Instructions to follow: Copy out the data that comes next, character for character, and leave the images aside.

Data section:
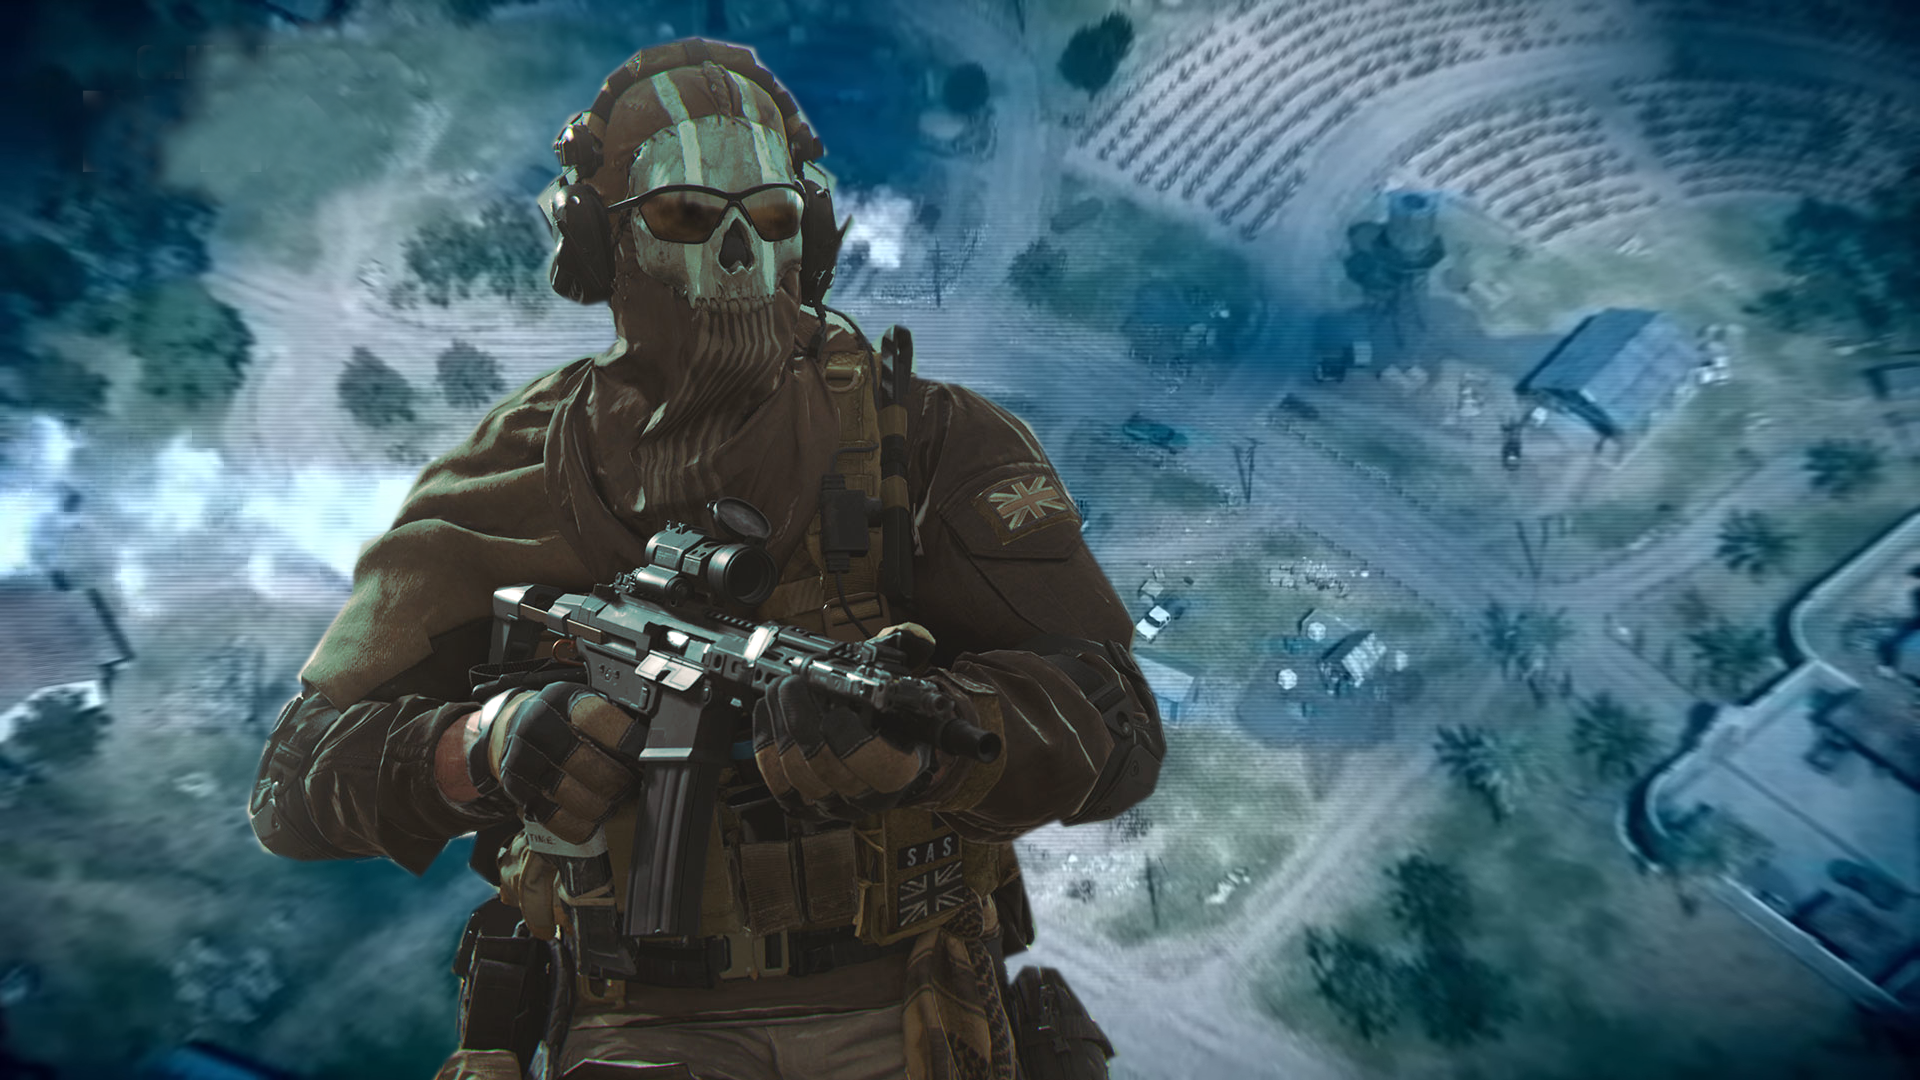 Bilder zu Call of Duty Modern Warfare 2: Leak enthüllt Multiplayer-Maps, Modi und mehr
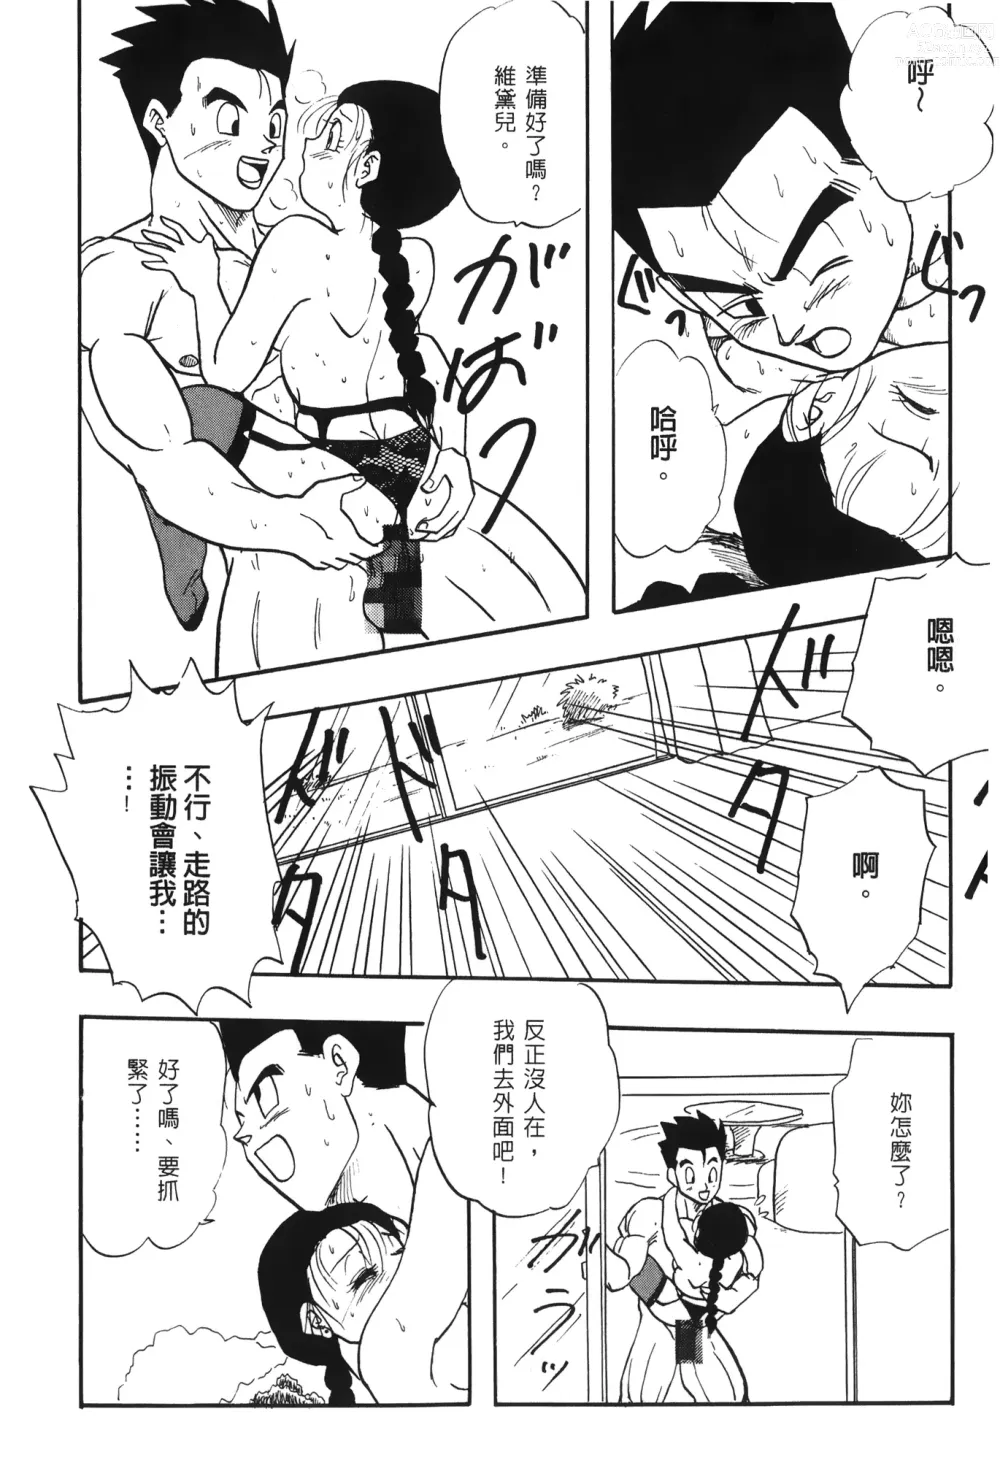 Page 156 of doujinshi ドラゴンパール 03
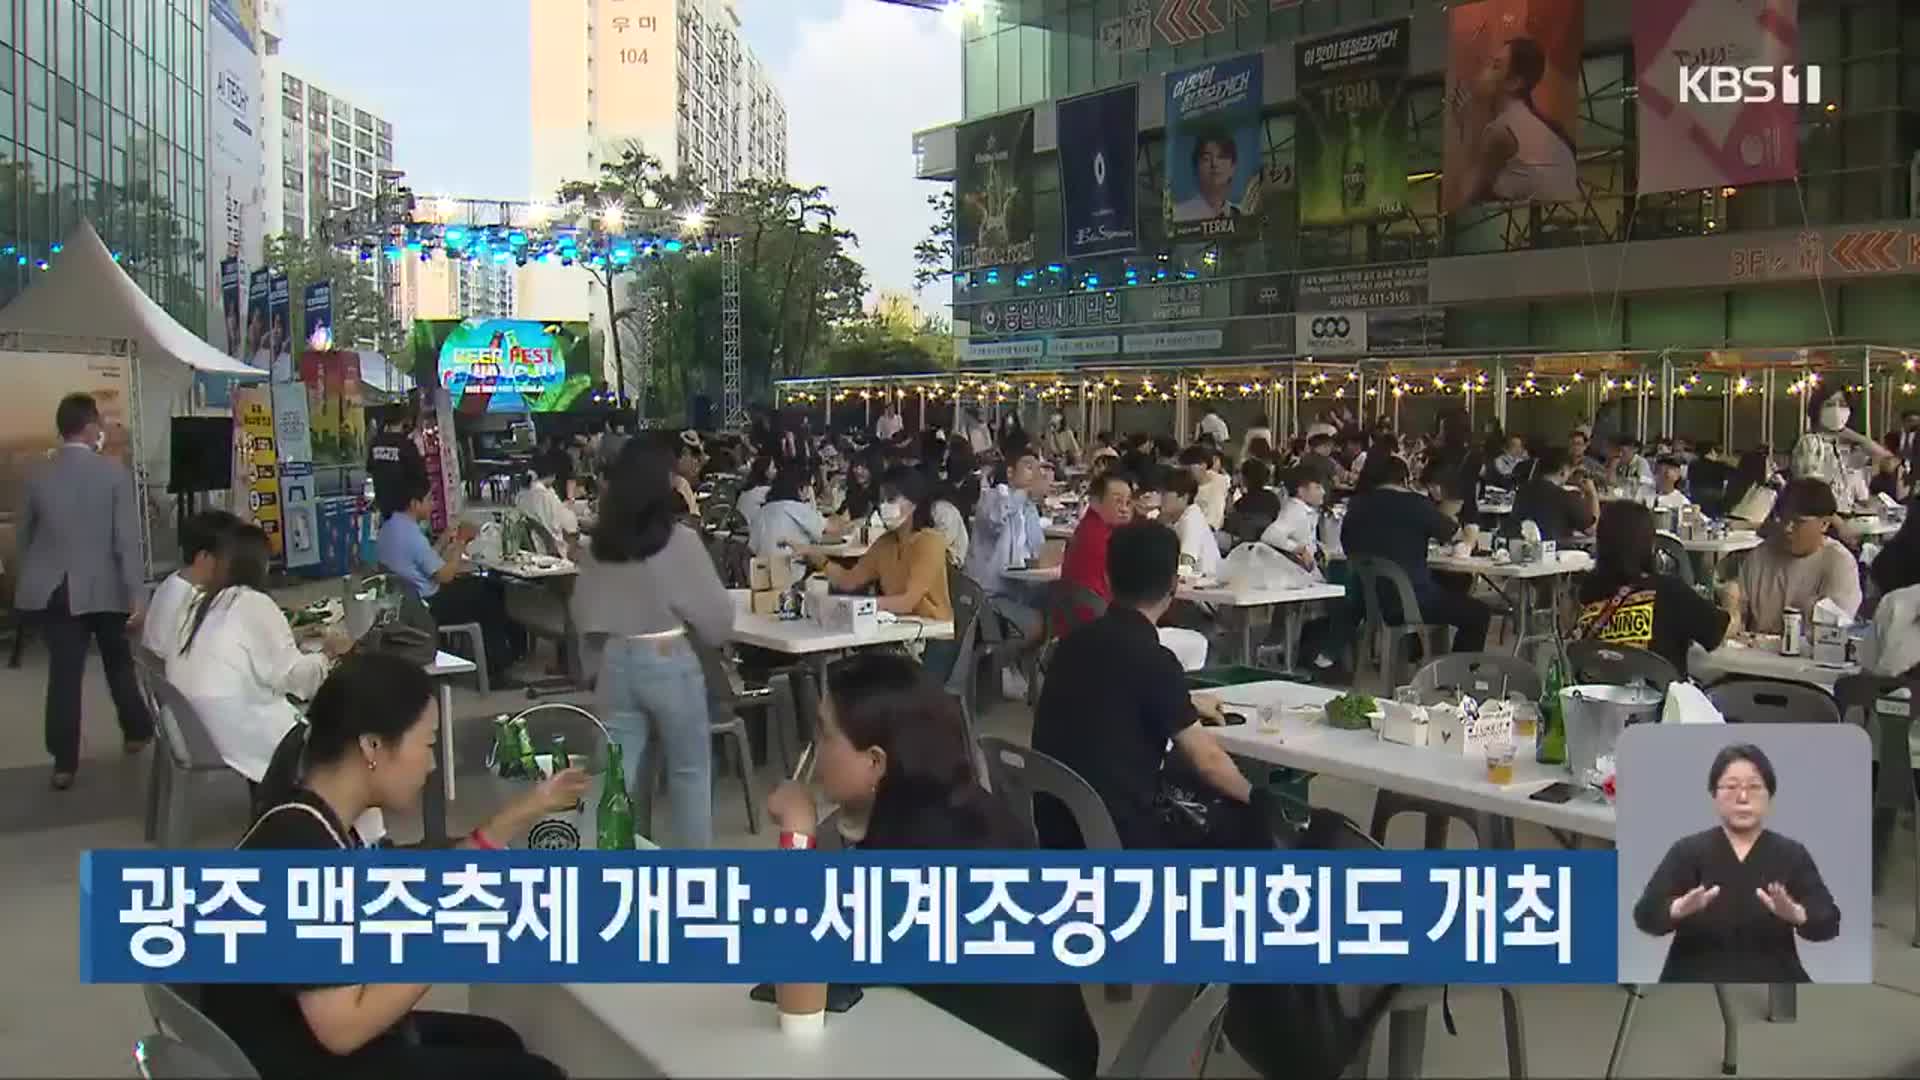 광주 맥주축제 개막…세계조경가대회도 개최

Task answer:
 Bilder zu Call of Duty Modern Warfare 2: Leak enthüllt Multiplayer-Maps, Modi und mehr
 Page 156 of doujinshi ドラゴンパール 03
 광주 맥주축제 개막…세계조경가대회도 개최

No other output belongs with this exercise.